Task to complete: Reproduce exactly the lines from the top of the records below through the line holding "Q:- Consider the".

Recorded data:
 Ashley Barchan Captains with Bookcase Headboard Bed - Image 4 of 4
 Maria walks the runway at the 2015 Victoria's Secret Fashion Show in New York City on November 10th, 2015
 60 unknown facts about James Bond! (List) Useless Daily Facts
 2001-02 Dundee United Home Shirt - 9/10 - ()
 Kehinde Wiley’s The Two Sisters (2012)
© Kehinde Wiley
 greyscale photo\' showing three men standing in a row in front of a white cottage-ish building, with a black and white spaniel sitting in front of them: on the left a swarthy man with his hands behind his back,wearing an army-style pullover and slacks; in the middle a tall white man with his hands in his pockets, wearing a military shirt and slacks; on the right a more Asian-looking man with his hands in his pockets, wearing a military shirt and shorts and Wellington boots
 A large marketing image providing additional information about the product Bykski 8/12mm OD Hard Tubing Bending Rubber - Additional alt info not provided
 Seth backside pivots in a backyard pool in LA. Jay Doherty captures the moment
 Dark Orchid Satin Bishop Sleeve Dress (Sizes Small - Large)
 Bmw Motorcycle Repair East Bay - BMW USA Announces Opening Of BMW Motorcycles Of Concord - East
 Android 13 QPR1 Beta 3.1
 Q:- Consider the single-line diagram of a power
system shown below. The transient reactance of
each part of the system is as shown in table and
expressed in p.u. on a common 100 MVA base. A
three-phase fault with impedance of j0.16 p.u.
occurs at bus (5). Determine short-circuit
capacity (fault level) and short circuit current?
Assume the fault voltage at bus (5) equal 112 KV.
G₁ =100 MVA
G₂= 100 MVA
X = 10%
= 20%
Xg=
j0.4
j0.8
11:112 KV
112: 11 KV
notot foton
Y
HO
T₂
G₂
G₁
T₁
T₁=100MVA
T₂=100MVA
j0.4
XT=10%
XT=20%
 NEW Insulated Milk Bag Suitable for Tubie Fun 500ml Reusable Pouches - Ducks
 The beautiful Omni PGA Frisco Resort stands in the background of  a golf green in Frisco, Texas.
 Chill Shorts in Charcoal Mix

Solved problem:
 Ashley Barchan Captains with Bookcase Headboard Bed - Image 4 of 4
 Maria walks the runway at the 2015 Victoria's Secret Fashion Show in New York City on November 10th, 2015
 60 unknown facts about James Bond! (List) Useless Daily Facts
 2001-02 Dundee United Home Shirt - 9/10 - ()
 Kehinde Wiley’s The Two Sisters (2012)
© Kehinde Wiley
 greyscale photo\' showing three men standing in a row in front of a white cottage-ish building, with a black and white spaniel sitting in front of them: on the left a swarthy man with his hands behind his back,wearing an army-style pullover and slacks; in the middle a tall white man with his hands in his pockets, wearing a military shirt and slacks; on the right a more Asian-looking man with his hands in his pockets, wearing a military shirt and shorts and Wellington boots
 A large marketing image providing additional information about the product Bykski 8/12mm OD Hard Tubing Bending Rubber - Additional alt info not provided
 Seth backside pivots in a backyard pool in LA. Jay Doherty captures the moment
 Dark Orchid Satin Bishop Sleeve Dress (Sizes Small - Large)
 Bmw Motorcycle Repair East Bay - BMW USA Announces Opening Of BMW Motorcycles Of Concord - East
 Android 13 QPR1 Beta 3.1
 Q:- Consider the single-line diagram of a power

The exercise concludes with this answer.